我已经尝试使用 countDistinct 函数,根据 DataBrick's blog,它应该在 Spark 1.5 中可用。但是,我得到以下异常:
Exception in thread "main" org.apache.spark.sql.AnalysisException: undefined function countDistinct;
我发现在 Spark developers' mail list 他们建议使用 count 和 distinct 函数来获得相同的结果由 countDistinct:
生成
count(distinct <columnName>)
// Instead
countDistinct(<columnName>)
因为我从聚合函数的名称列表中动态构建聚合表达式,所以我不希望有任何需要不同处理的特殊情况。
所以,是否可以通过以下方式统一它:
- 正在注册新的 UDAF,它将成为 count(distinct columnName)
的别名
手动注册已在 Spark CountDistinct 函数中实现,这可能是以下导入的一个:
导入org.apache.spark.sql.catalyst.expressions.{CountDistinctFunction, CountDistinct}
或以任何其他方式进行?
编辑:
示例(删除了一些本地引用和不必要的代码):
import org.apache.spark.SparkContext
import org.apache.spark.sql.{Column, SQLContext, DataFrame}
import org.apache.spark.sql.functions._
import scala.collection.mutable.ListBuffer
class Flattener(sc: SparkContext) {
val sqlContext = new SQLContext(sc)
def flatTable(data: DataFrame, groupField: String): DataFrame = {
val flatteningExpressions = data.columns.zip(TypeRecognizer.getTypes(data)).

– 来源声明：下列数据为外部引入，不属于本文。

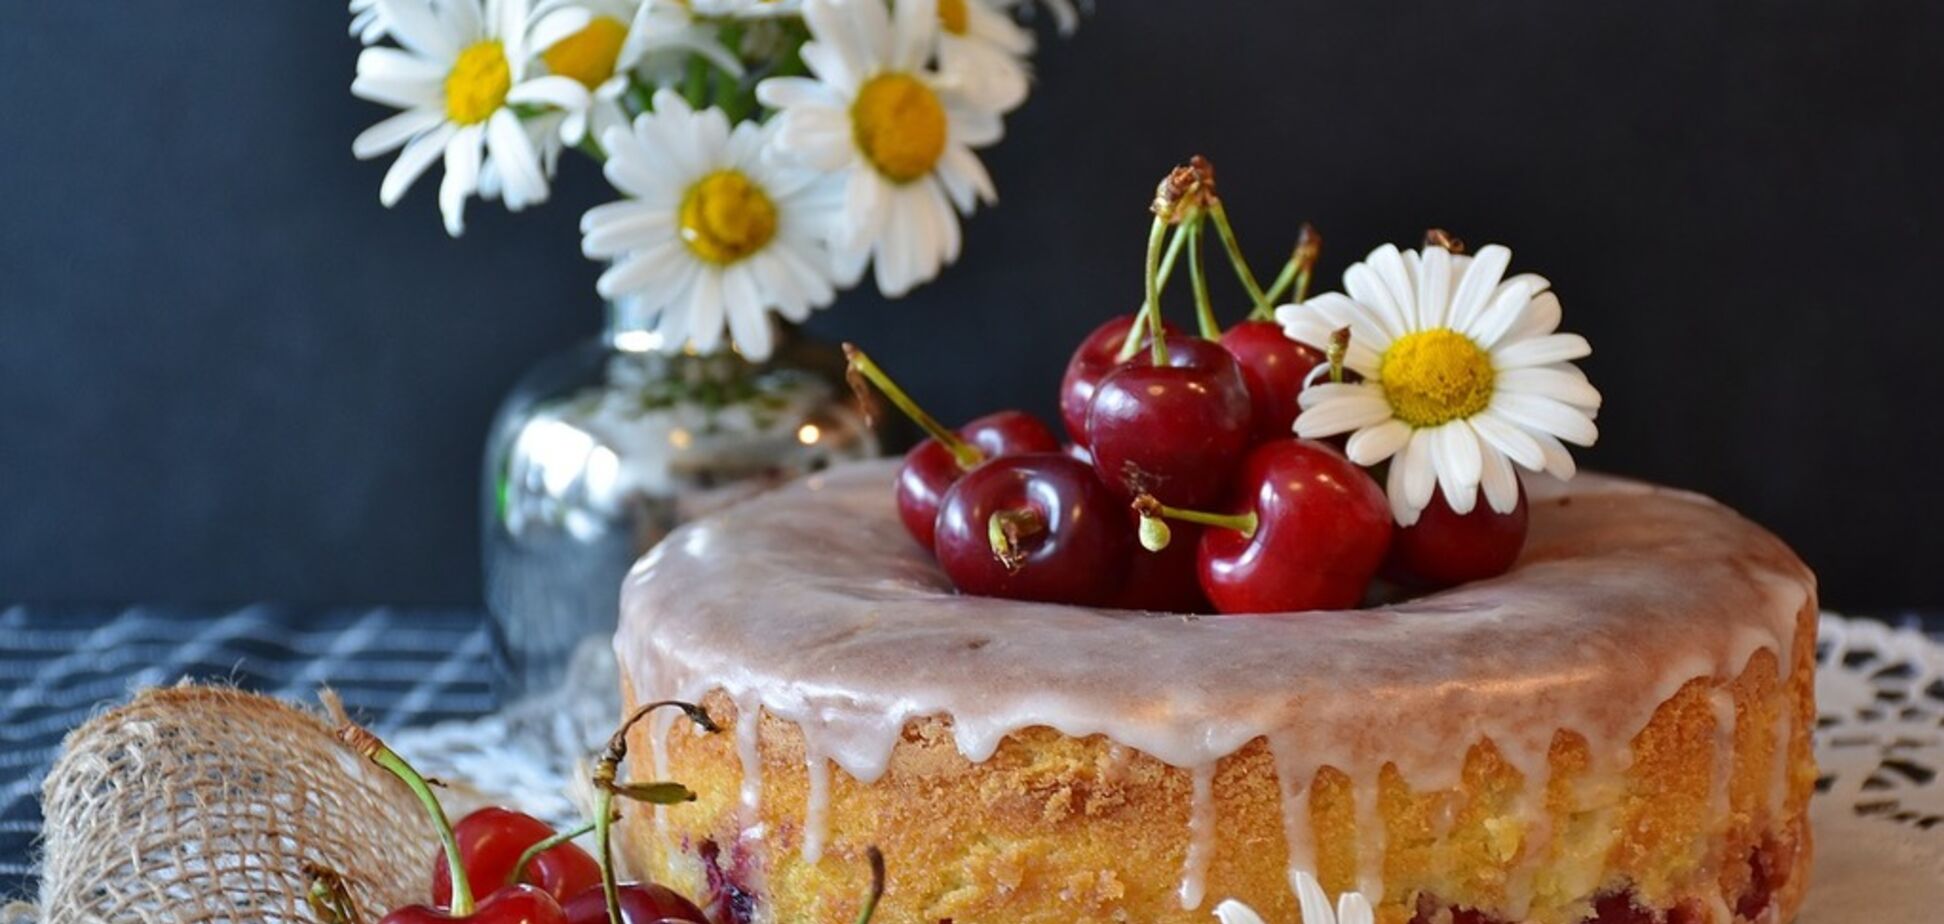 Вишневый торт с анисом и лимоном: рецепт десерта, перед которым трудно устоять

flatMap(x => getFlatteningExpressions(x._1, x._2)).toList
data.groupBy(groupField).agg (
expr(s"count($groupField) as groupSize"),
flatteningExpressions:_*
)
}
private def getFlatteningExpressions(fieldName: String, fieldType: DType): List[Column] = {
val aggFuncs = getAggregationFunctons(fieldType)
aggFuncs.map(f => expr(s"$f($fieldName) as ${fieldName}_$f"))
}
private def getAggregationFunctons(fieldType: DType): List[String] = {
val aggFuncs = new ListBuffer[String]()
if(fieldType == DType.NUMERIC) {
aggFuncs += ("avg", "min", "max")
}
if(fieldType == DType.CATEGORY) {
aggFuncs += "countDistinct"
}
aggFuncs.toList
}
}
不确定我是否真的理解你的问题,但这是 countDistinct 聚合函数的示例:
val values = Array((1, 2), (1, 3), (2, 2), (1, 2))
val myDf = sc.parallelize(values).toDF("id", "foo")
import org.apache.spark.sql.functions.countDistinct
myDf.groupBy('id).agg(countDistinct('foo) as 'distinctFoo) show
/**
+---+-------------------+
| id|COUNT(DISTINCT foo)|
+---+-------------------+
| 1| 2|
| 2| 1|
+---+-------------------+
*/
countDistinct 可以以两种不同的形式使用:
df.groupBy("A").agg(expr("count(distinct B)")
或
df.groupBy("A").agg(countDistinct("B"))
但是,当您想在自定义 UDAF 的同一列上使用这些方法时,这两种方法都不起作用(在 Spark 1.5 中作为 UserDefinedAggregateFunction 实现):
// Assume that we have already implemented and registered StdDev UDAF
df.groupBy("A").agg(countDistinct("B"), expr("StdDev(B)"))
// Will cause
Exception in thread "main" org.apache.spark.sql.AnalysisException: StdDev is implemented based on the new Aggregate Function interface and it cannot be used with functions implemented based on the old Aggregate Function interface.;
由于这些限制,看起来最合理的做法是将 countDistinct 实现为 UDAF,它应该允许以相同的方式处理所有函数以及将 countDistinct 与其他 UDAF 一起使用。
示例实现如下所示:
import org.apache.spark.sql.Row
import org.apache.spark.sql.expressions.{MutableAggregationBuffer, UserDefinedAggregateFunction}
import org.apache.spark.sql.types._
class CountDistinct extends UserDefinedAggregateFunction{
override def inputSchema: StructType = StructType(StructField("value", StringType) :: Nil)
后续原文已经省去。